[Stored items from a collection]
________________________________________

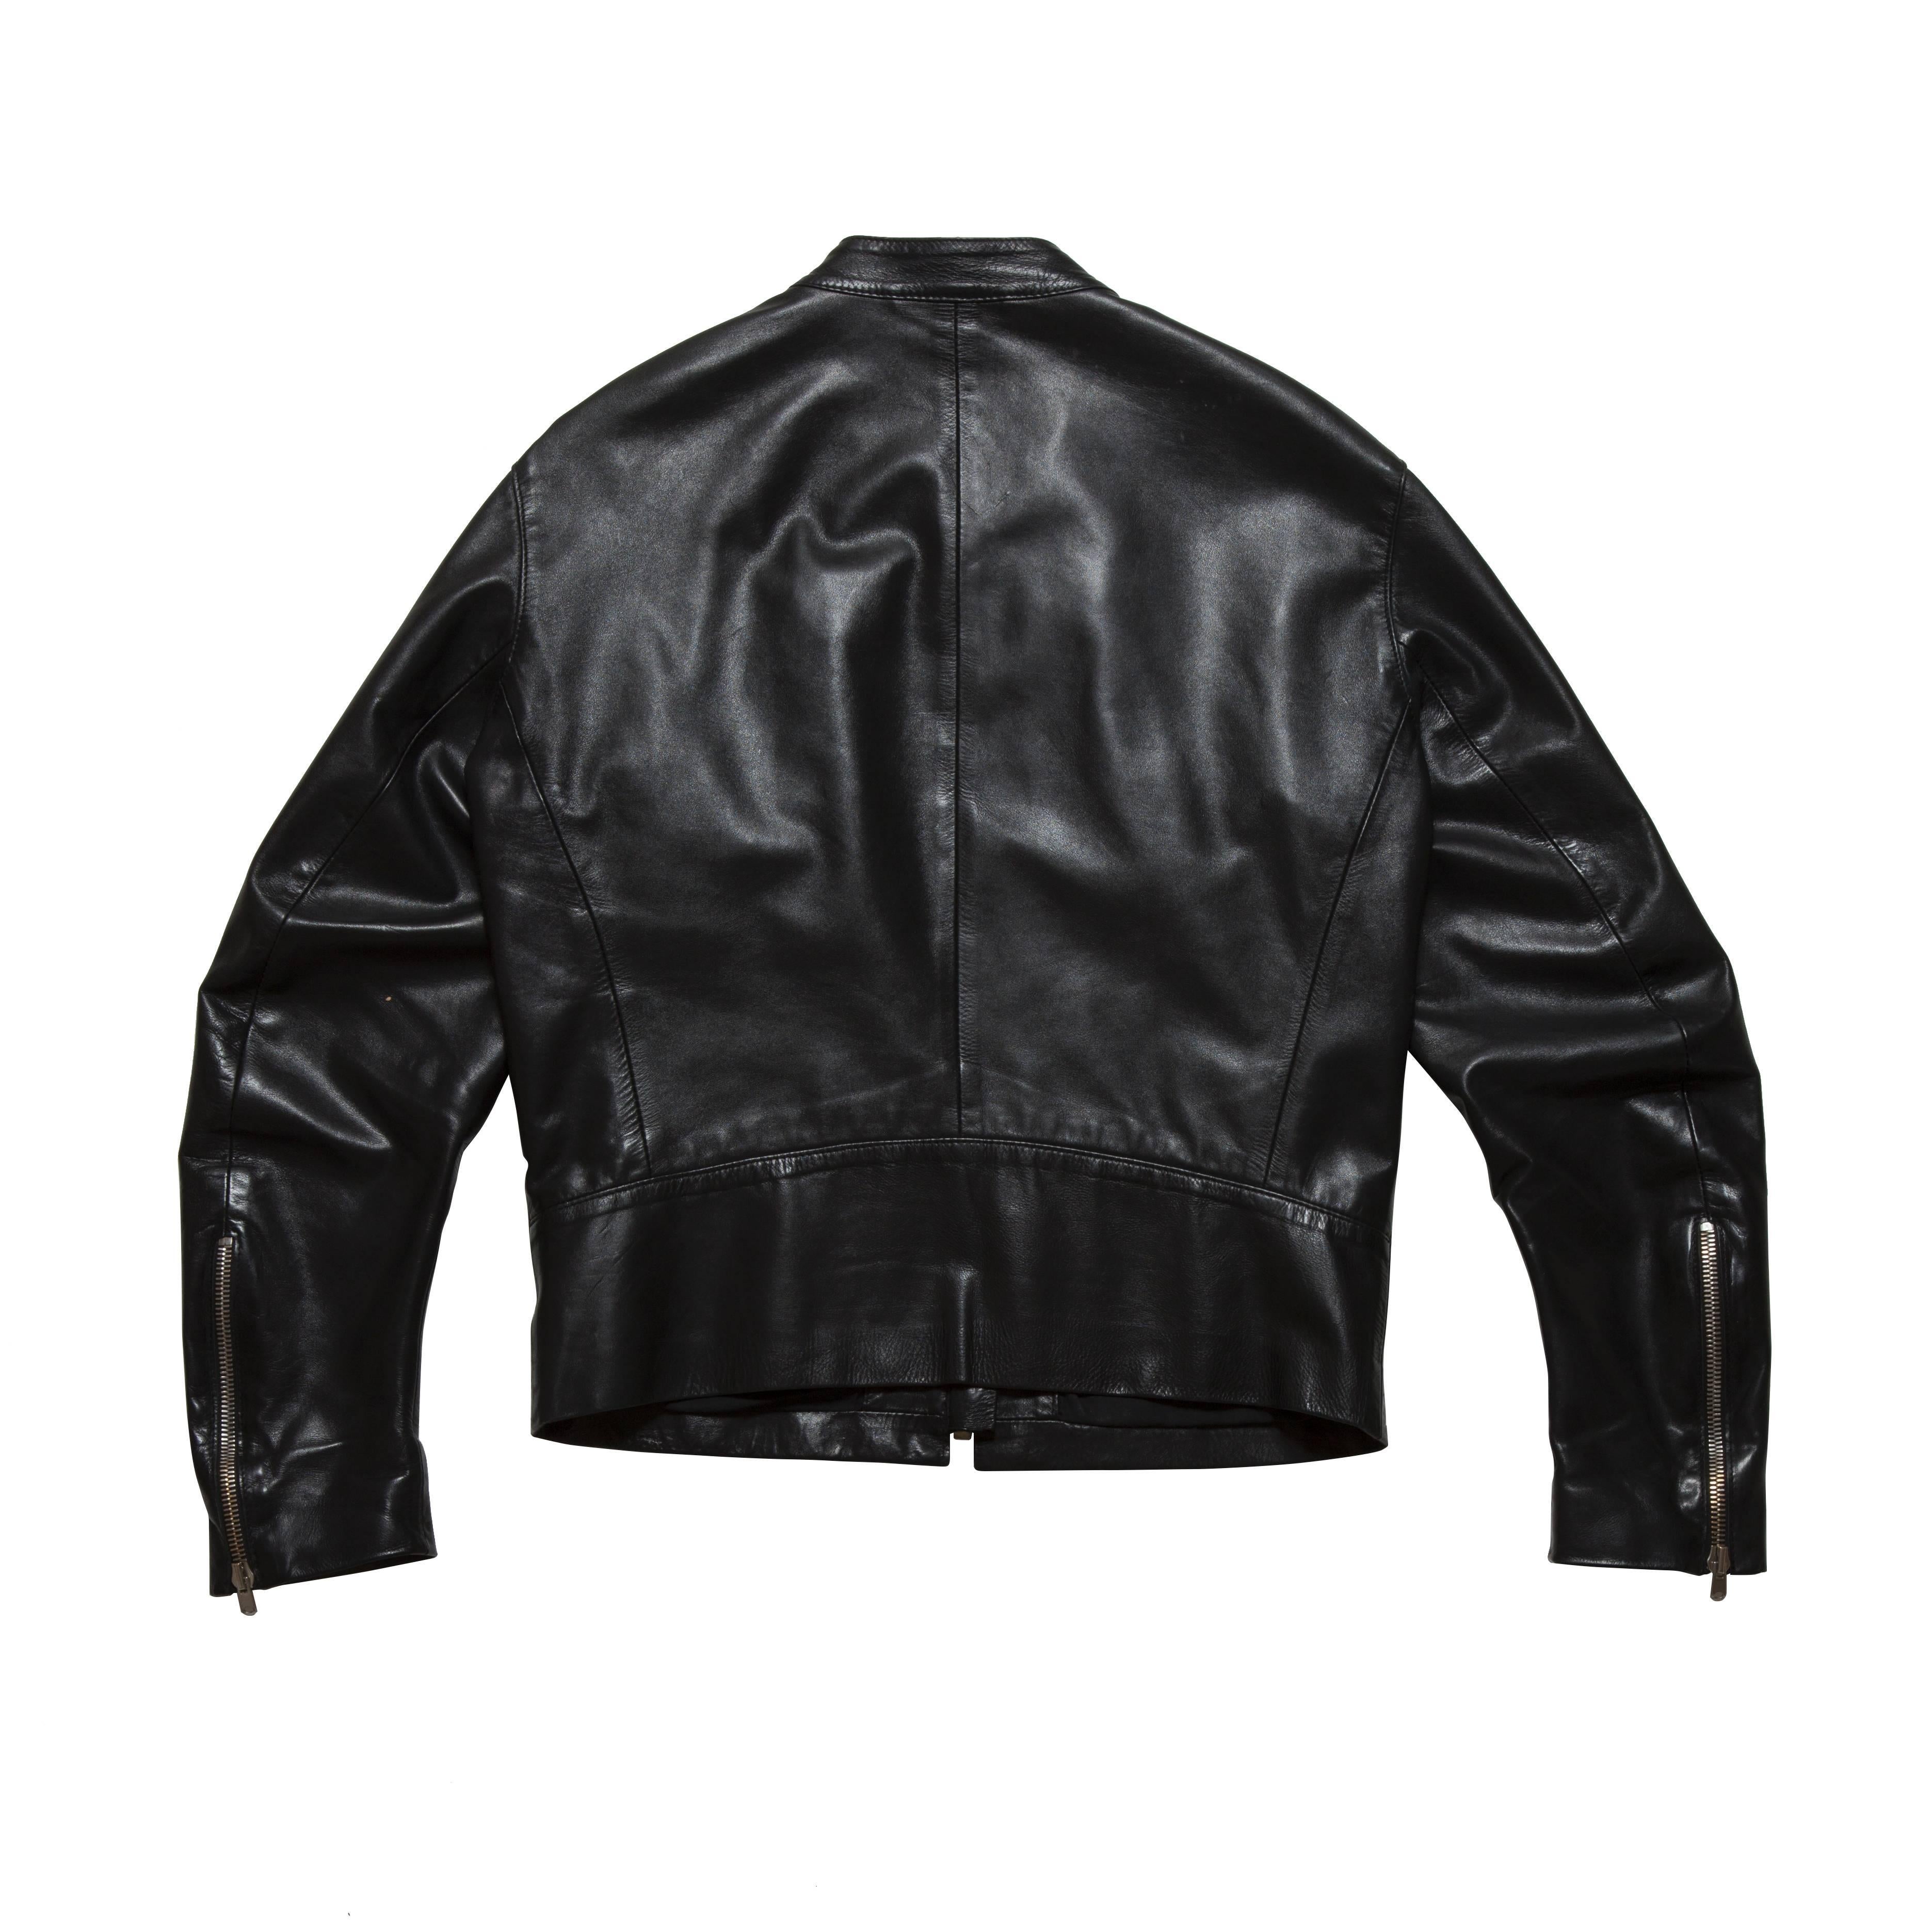 Maison Martin Margiela iconic five zip leather jacket line 14. Stand-up collar with snap closures, gunmetal zippers.
Original Size : 50
Made in Italy 

Measurements :
Shoulders 48 cm
Chest 48 cm
Sleeve 62 cm
Total length 65 cm
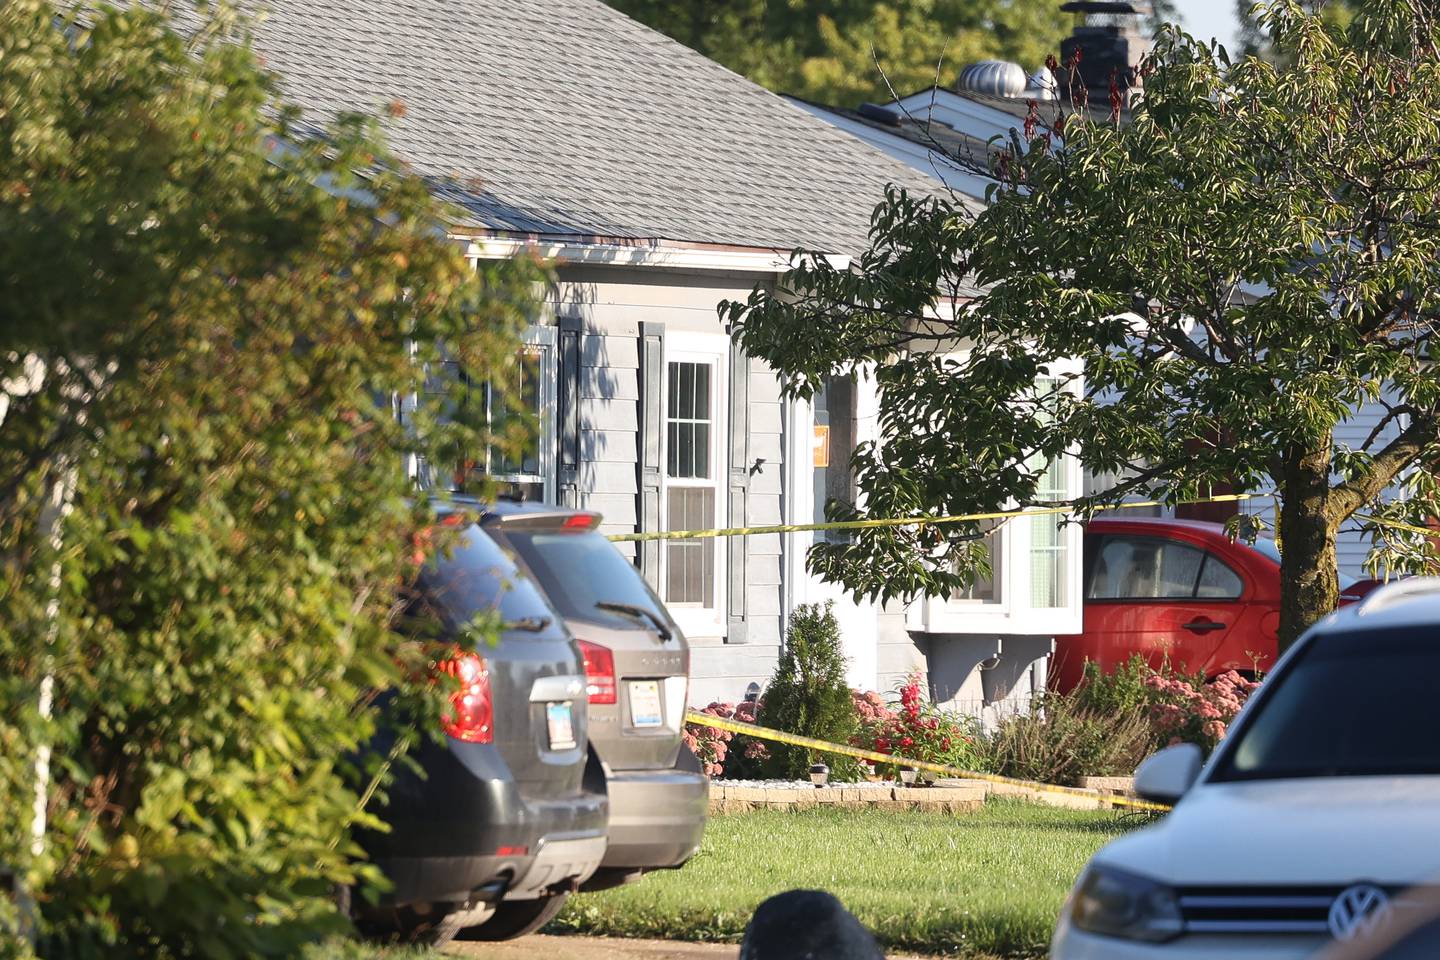 Police tape blocks off a home on the 500 block of Concord Avenue where police found the bodies of two adults and two children with gunshot wounds on Monday, Sept. 18, in Romeoville.
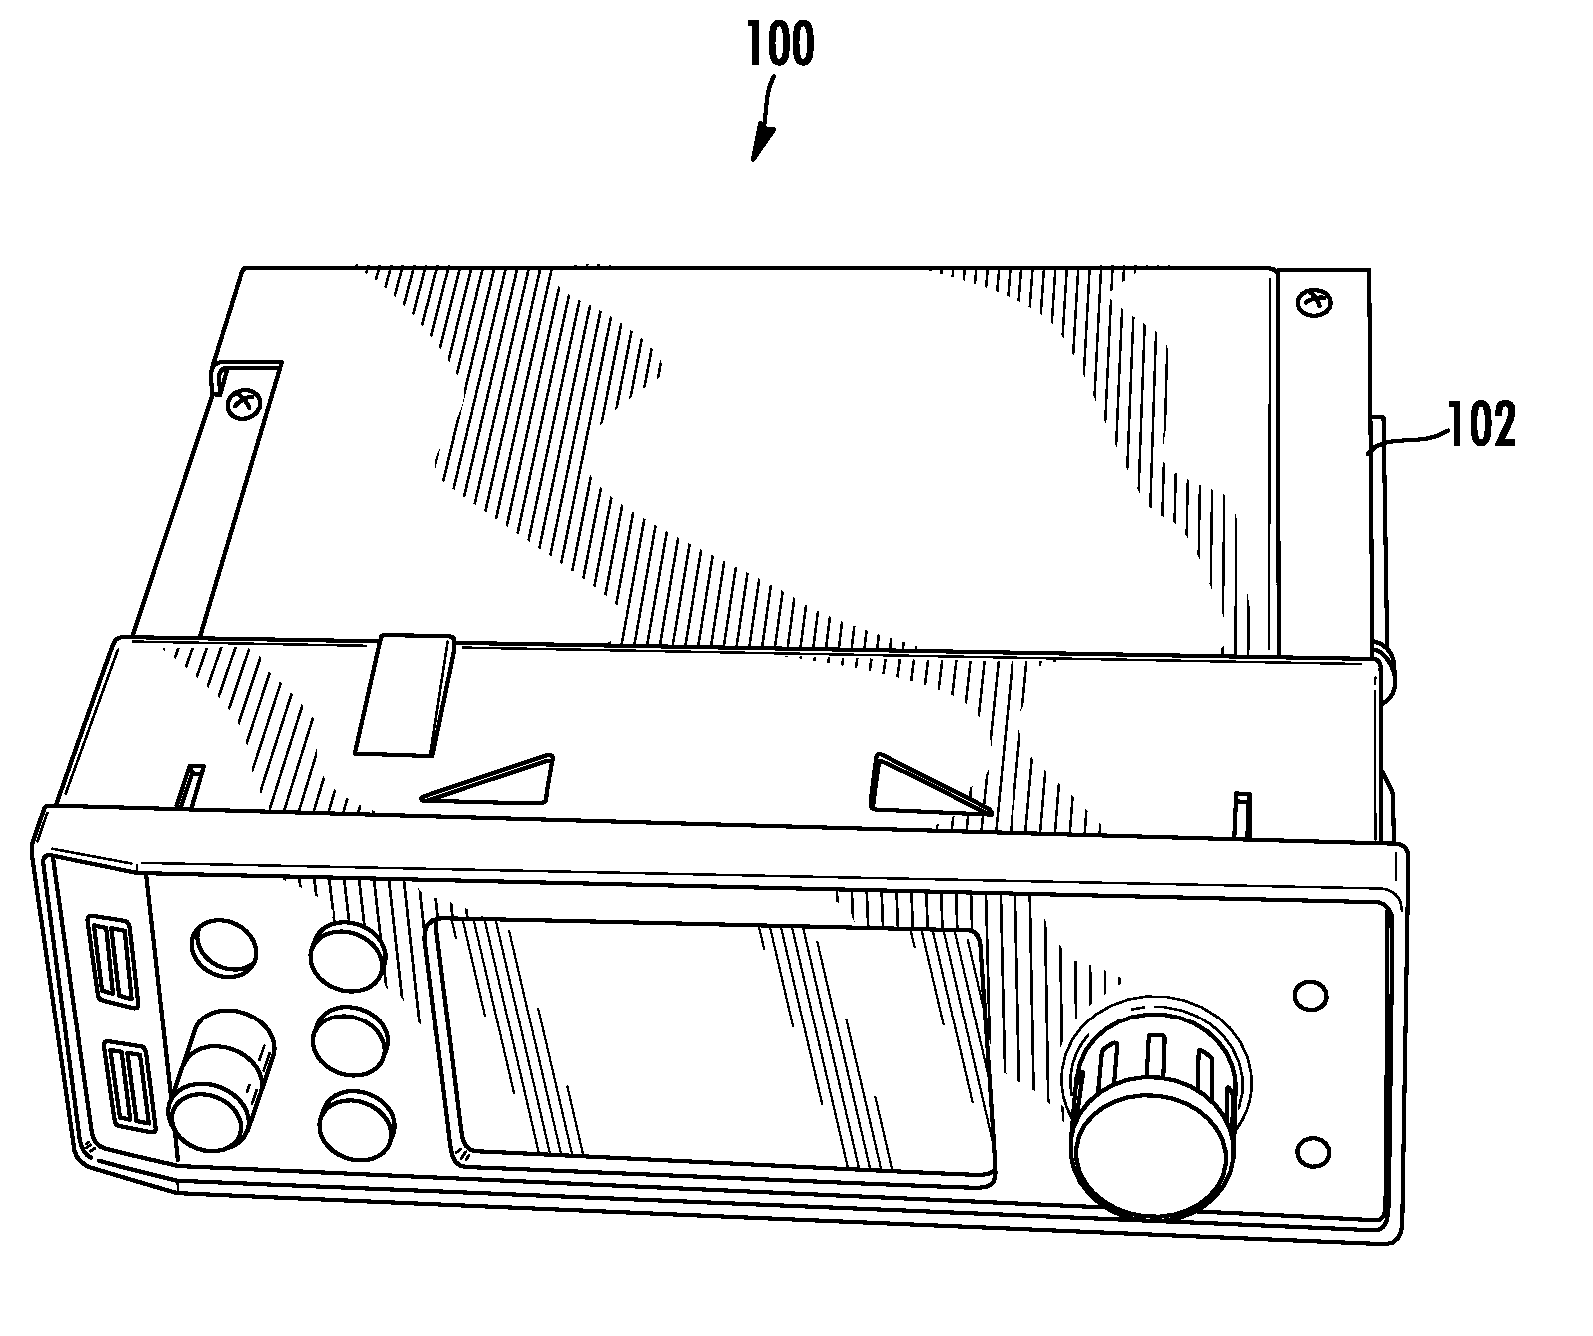 Control unit for off-road vehicles including housing configured to fit within pre-existing cavity of off-road-vehicle cab

________________________________________

TASK TO CARRY OUT: Your answer must be exactly the lines from the one with "Police tape blocks" through the last line of the entries, both included, with no pictures; please add nothing else.

OUTPUT OF THE TASK:
 Police tape blocks off a home on the 500 block of Concord Avenue where police found the bodies of two adults and two children with gunshot wounds on Monday, Sept. 18, in Romeoville.
 Control unit for off-road vehicles including housing configured to fit within pre-existing cavity of off-road-vehicle cab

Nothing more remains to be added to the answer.